How to create multiple instances of a static members?

Andreas Pakulat apaku at gmx.de
Sat Feb 11 20:03:02 GMT 2006


On 12.02.06 00:49:03, kitts wrote:
> On Saturday 11 February 2006 17:08 IST, Andreas Pakulat wrote:
> > Then static is the right choice and I don't understand your problem.
> >
> Actually, the way i was looking at it was that; within one process, i have 
> one or more sets of a class's objects. Within each of these sets i want 
> some static objects that remain common to all, however, i do not want these 
> static members across sets.

There's no real "static" objects needed in what you describe. static
members (either variables or functions) are needed if your class
provides functionality that is not bound to a specific instance. 

All you need is a class that models a set, which apart from a list of
contained objects also has this "special" object. 

> > Huh?

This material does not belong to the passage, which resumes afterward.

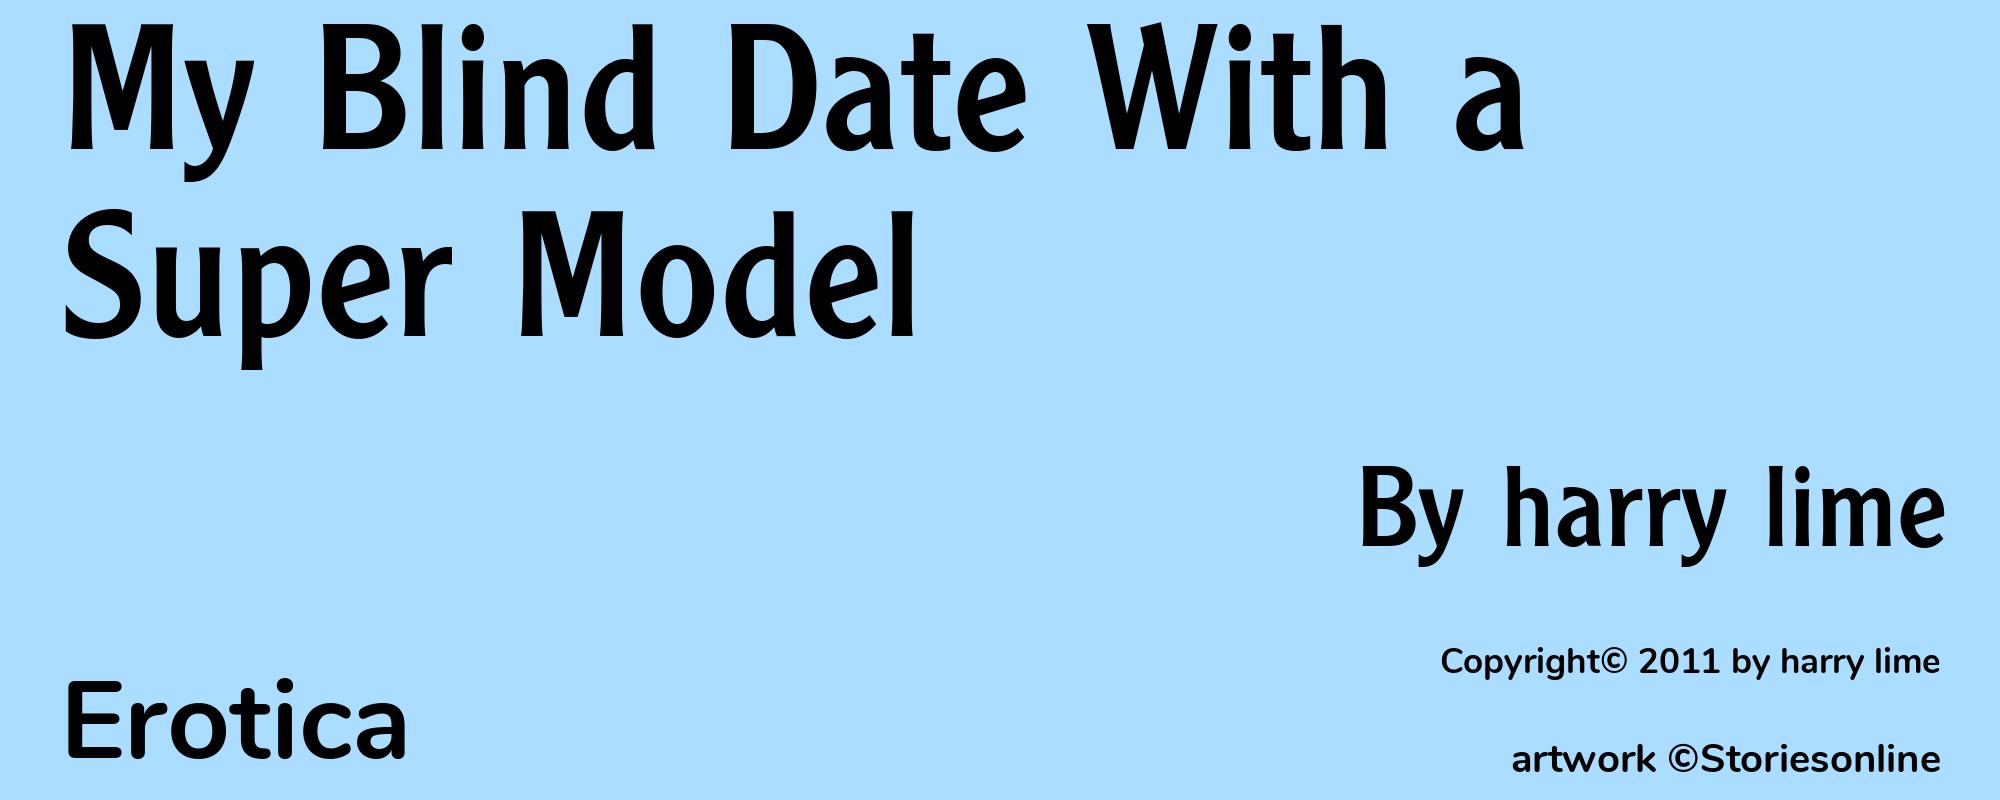 My Blind Date With a Super Model - Cover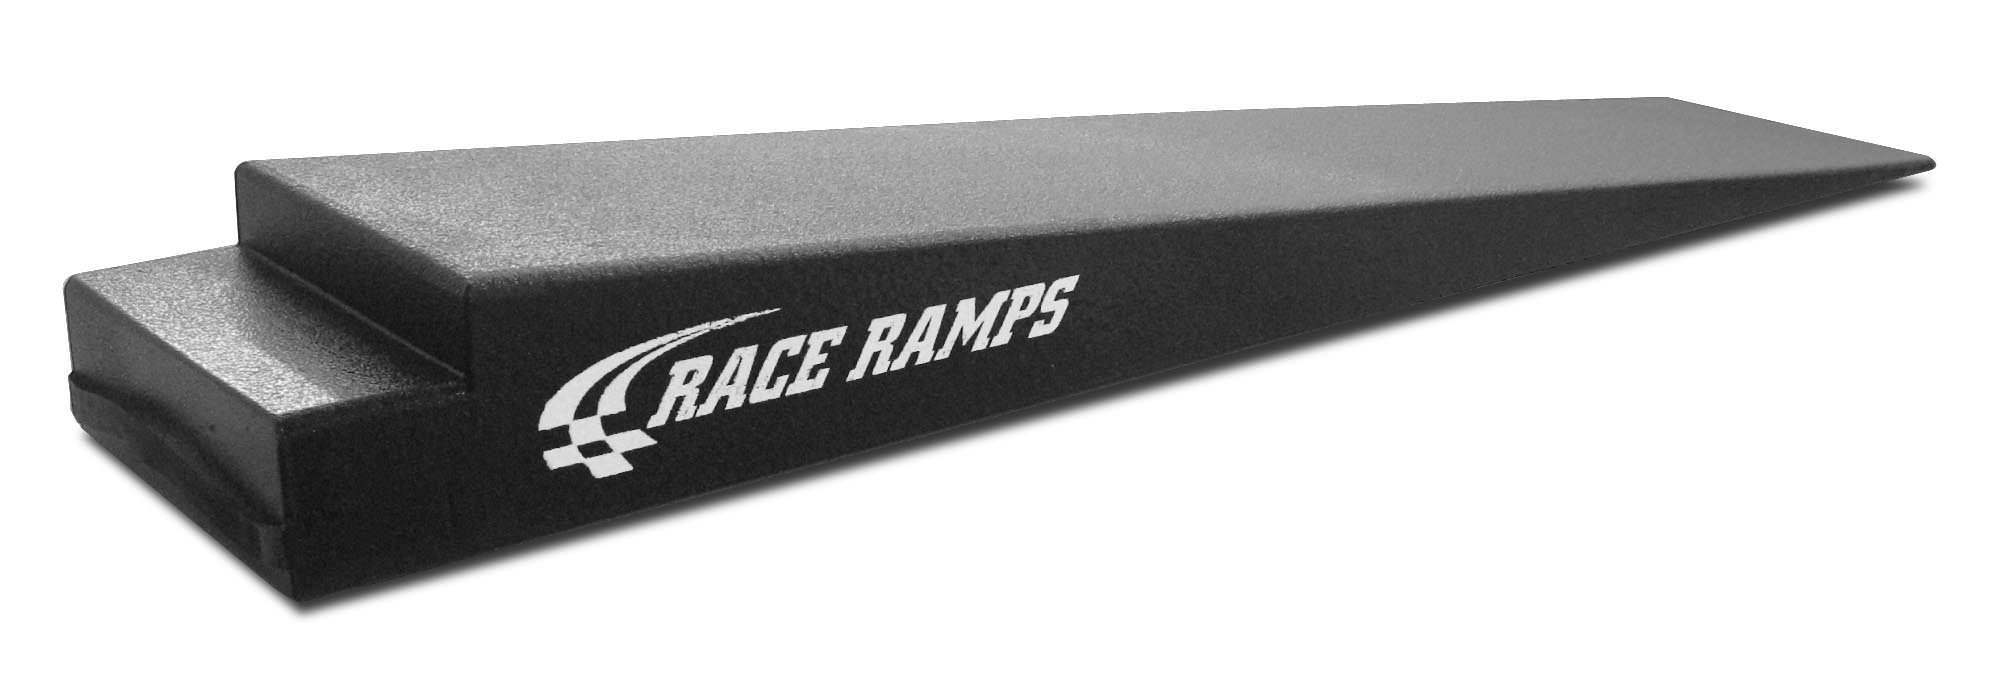 Race Ramps RR-TR-7 Trailer Ramp, 7 in Lift Height, 74 in Long, 14 in Wide, 5 in Trailer Lip, 5.5 Degree Incline, 1500 lb Capacity, Pair

That won't work I think. You can't connect a signal just to a
> > function, you need an object and then it's already there.
> 
> From the documentation of QObject, i find two prototypes;
> 
> bool QObject::connect ( const QObject * sender, const char * signal, const 
> QObject * receiver, const char * member ) [static]
> 
> and
> 
> bool QObject::connect ( const QObject * sender, const char * signal, const 
> char * member ) const
> 
> I think the second handles this situation.

No, did you read the description of it? It automatically uses "this" as
the receiver, which means you'd call that from a non-static member
function (or the constructor) of a class.

In static member functions there is no this-pointer.

Andreas

-- 
Excellent day for putting Slinkies on an escalator.